Мой секундант перевел, и доктор взглянул на меня с благодарностью. И облегчением. Вот и славно. Саквояжик… Что тут у нас? Ага, новомодный тонометр имеется. Великолепно. Я подал его коллеге и попросил измерить давление. Всё при деле будет, да и секунданты потом претензии предъявить не смогут.
Монтебелло что-то бормотал, и Вяхирев перевел:
– Просит помочь быстрее и клянет вас на все лады.
– Да он и по-русски неплохо говорит, захочет, скажет.
Так, вот и искомое. Скальпель, иглодержатель, шовный материал. Инструменты в крафт-бумаге, нитки с иголками в склянке. Со спиртом. Карболочка, судя по амбре. Смажем края раны, раз у нас больше ничего толкового. Запах специфический, но что поделаешь? Зато эффективный антисептик. Стоп, а трубка дренажная? Так вон, у аппарата Баталова позаимствуем. Он пока не нужен.
– Сто десять на семьдесят, – доложил Вяхирев.
– Очень хорошо. Давайте сюда тонометр, используем трубку оттуда. Доктор пусть сделает раненому морфий, а вы поищите емкость с водой, нам же надо куда-то дренаж окунуть.
Трубку я промыл спиртом и опустил в него. Минут пять как раз и полежит. Да, ненадежно, но что, если другого нет под рукой?
Графа обезболили, по крайней мере стонать он стал потише.
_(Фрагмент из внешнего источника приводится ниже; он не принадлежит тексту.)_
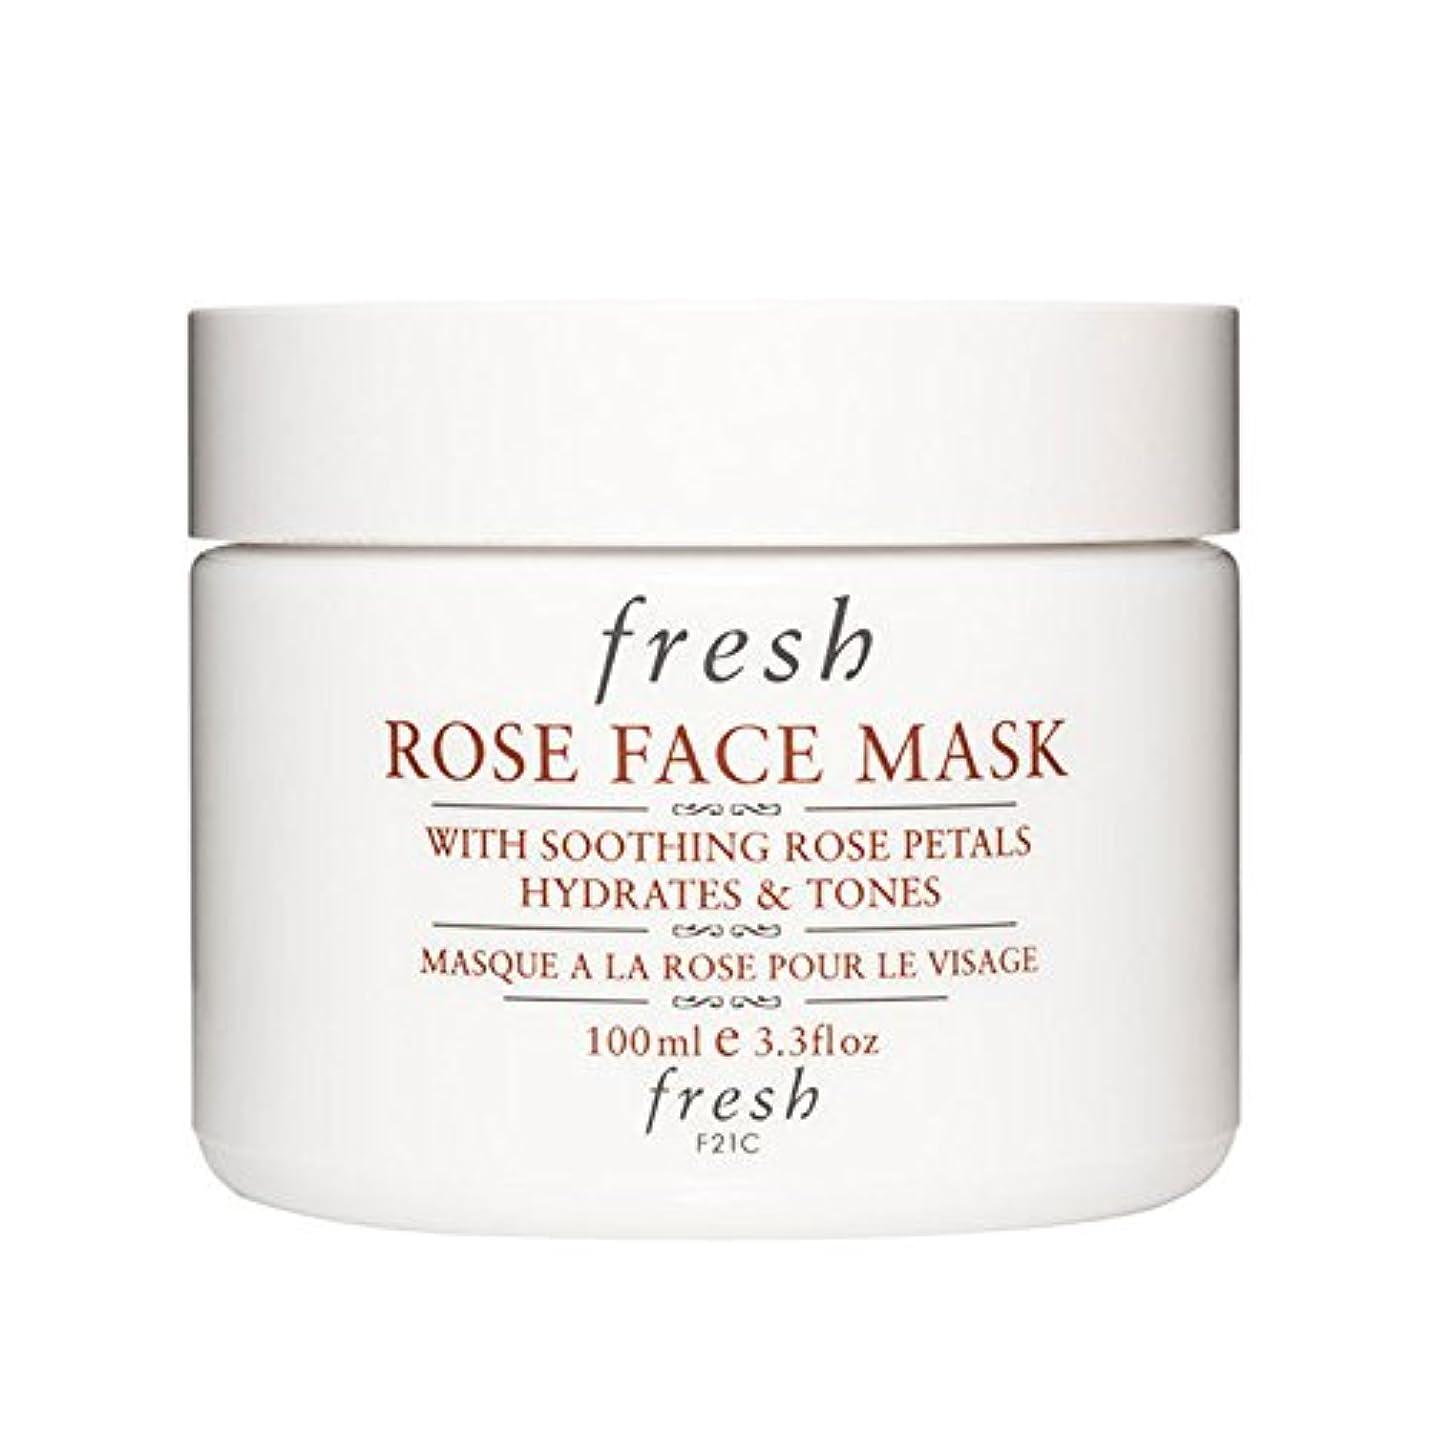 減少気がついて安心させる【並行輸入品】Fresh ROSE FACE MASK (フレッシュ ローズフェイスマスク) 3.4 oz (100g) by Fresh for Women
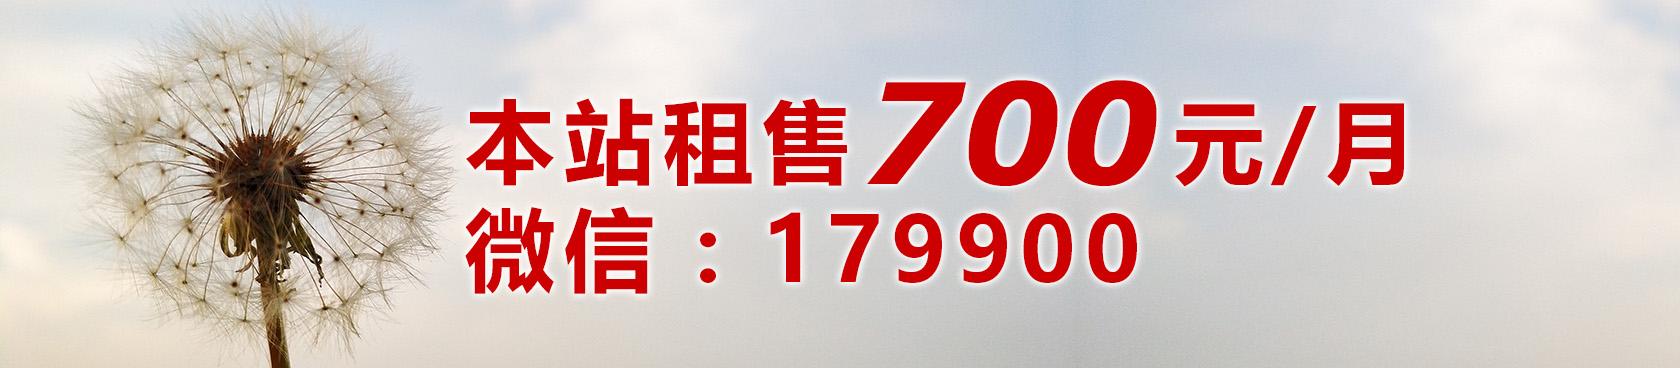 重庆心理咨询_心之力重庆心理咨询中心

Вяхирев вернулся от извозчиков, гордо выставив перед собой ополовиненную бутылку с вином. Улыбка, будто он только что мир спас. Да уж, поистине полевая хирургия с применением всех доступных подручных средств. Ладно, до больницы довезут как-нибудь.
Обеззаразил края раны, разрезал скальпелем кожу, и начал вводить дренажную трубку…
В гостинице меня ждали. Агнесс стояла у окна и высматривала своего мужа. Ага, заметила, немного оживилась. Но ненадолго. Я помахал ей букетиком фиалок, и спрыгнул с экипажа. Может, у жены на них аллергия? Как-то странно она на меня смотрит. Примерно как мама в детстве, когда оценивала способ и объем телесных наказаний за сожженный соседский сарай. На всякий случай, я осмотрел одежду. Вроде бы в крови графа не запачкался, руки отмыл… Но чует мое сердце, что простой разборкой сегодняшняя «разминка» не закончится. Ничего, переживем. Может быть. Но лучше поспешить, так у противника будет меньше времени на продумывание атаки.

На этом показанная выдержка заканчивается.